Lim YY, Jaeger J, Harrington Okay, Ashwood T, Ellis KA, Stoffler A, et al. Three-month stability of the CogState temporary battery in wholesome older adults, gentle cognitive impairment, and Alzheimer’s illness: outcomes from the Australian Imaging, Biomarkers, and Lifestyle-rate of change substudy (AIBL-ROCS). Arch Clin Neuropsychol. 2013;28:320–30.

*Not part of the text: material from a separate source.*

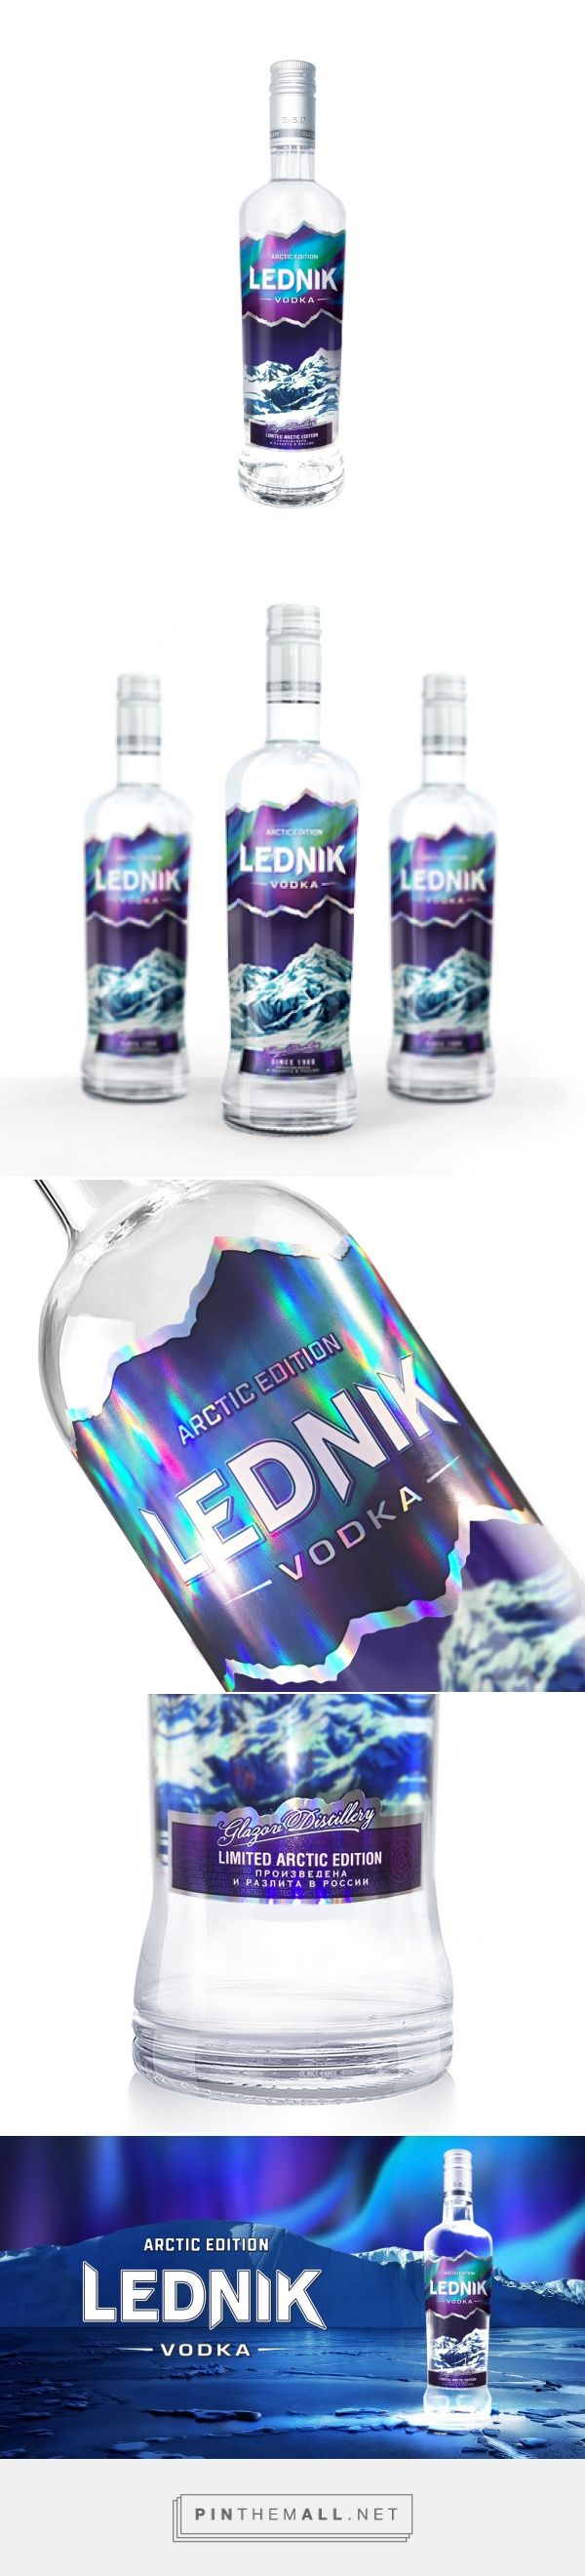 Lednik Arctic Edition packaging design by Ural Branding Company - http://www.packagingoftheworld.com/2017/06/lednik-arctic-edition.html - created via https://pinthemall.net

Hobart J, Cano S, Posner H, Selnes O, Stern Y, Thomas R, et al. Putting the Alzheimer’s cognitive check to the check I: conventional psychometric strategies. Alzheimers Dement. 2013;9:S4–9.
Holland D, Desikan RS, Dale AM, McEvoy LK. Rates of decline in Alzheimer illness lower with age. PLoS One. 2012;7:e42325.
Cummings J, Lee G, Nahed P, Kambar M, Zhong Okay, Fonseca J, et al. Alzheimer’s illness drug growth pipeline: 2022. Alzheimers Dement. 2022;8:e12295.
He Q, Liu J, Liang J, Liu X, Li W, Liu Z, et al. Towards Improvements for Penetrating the Blood-Brain Barrier-Recent Progress from a Material and Pharmaceutical Perspective. Cells. 2018;7:24.
Serenó L, Coma M, Rodriguez M, Sanchez-Ferrer P, Sánchez MB, Gich I, et al. A novel GSK-3β inhibitor reduces Alzheimer’s pathology and rescues neuronal loss in vivo. Neurobiol Dis. 2009;35:359–67.